Healthy school lunches end up in trash
Updated On: Apr 25 2014 01:34:54 PM CDT
Thanks to government guidelines, kids are supposedly eating healthier lunches at school, but much of the fresh produce is ending up in the garbage.
It's been years since the government has enforced more rigorous nutritional guidelines for school lunches. But even though schools have worked to find the taste in healthy, many students still aren't on board.
Jaxson Hodges is the student body president at Madison Junior High, and Brooklyn Martinson goes to Rocky Mountain Middle School.
Both are typical eighth graders, but their feelings about school lunches are a little different.
"The salad is pretty good," said Jaxson. "I have some ham on it and the potato soup which is really good, which I really like."
"Well, I have pizza and fruit," said Brooklyn.

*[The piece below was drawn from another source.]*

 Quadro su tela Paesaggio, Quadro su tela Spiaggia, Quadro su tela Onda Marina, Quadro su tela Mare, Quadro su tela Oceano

But even though Jaxson gets his salad, and Brooklyn has her fruit, they say eating healthy isn't anywhere on their classmates' list.
"I will see friends that will eat soup and salad with me, but most of the time they all have pizza," said Jaxson.

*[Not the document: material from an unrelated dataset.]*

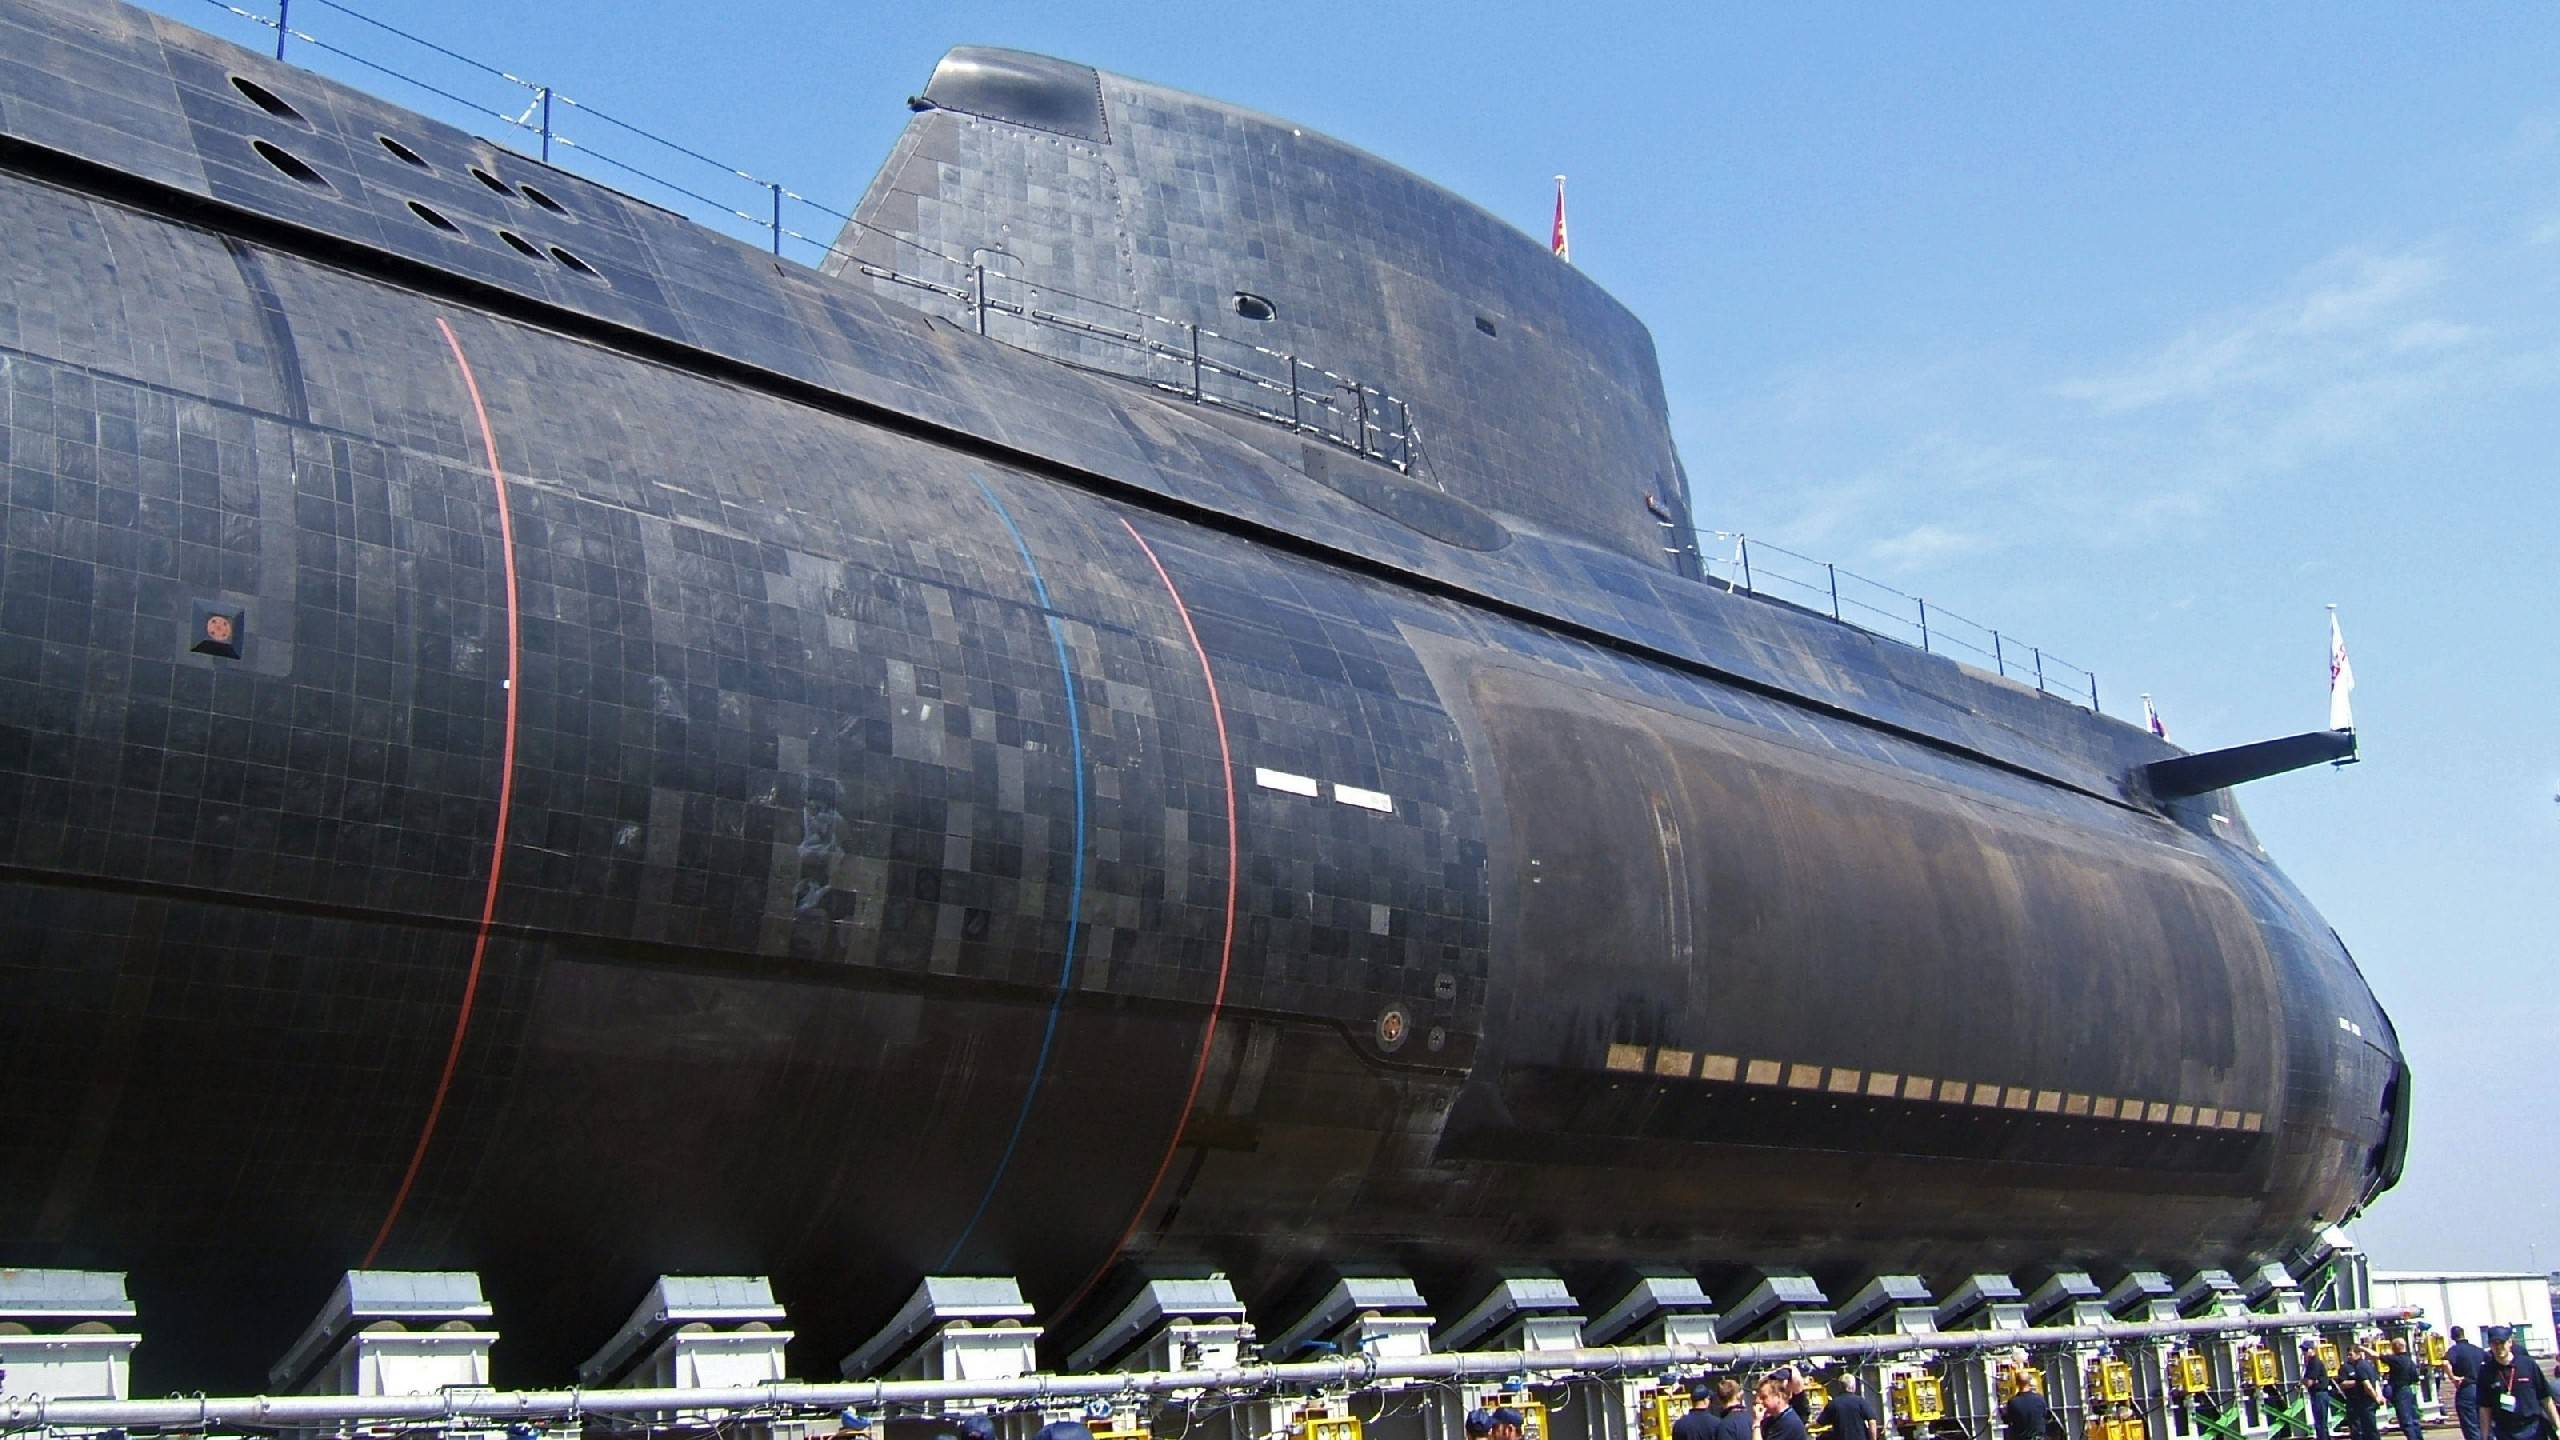 submarine sonar array

"Sometimes it's good, and sometimes it's not so great," said Brooklyn.
Jaxson said he doesn't think he would even think to pick up a salad if he didn't learn it from home.
"We always like to have salad at home too, so it's normal, and it's what I like to eat," he said.
Familiar or not, students are required to take a fruit or vegetable, but whether they eat it is a different matter.
"It's very frustrating because the whole purpose of our program is to see that students have a nutritious meal for the time that they're in school," said Heather Plain of District 93.
Whether kids eat it, the school still has to offer it, even if that means it goes in the trash, adding to the 133 billion pounds of food that get thrown away by Americans every year.
"I mean, you're looking at salad bar day, which is two days a week, probably $60 to $70," said Carla Hjelm, who serves kids in Madison School District.
She said she sees kids eat burgers and tater tots, leaving the greens and nutrients behind.
"I don't feel very happy about it," she said. "You hear about all these other countries that are starving, and we could feed a lot of people with what goes in the garbage."
Studies show 3.9 million households around the nation are without healthy food options. On the other hand, kids who eat healthier meals at home are more likely to make healthy choices even when their parents aren't around.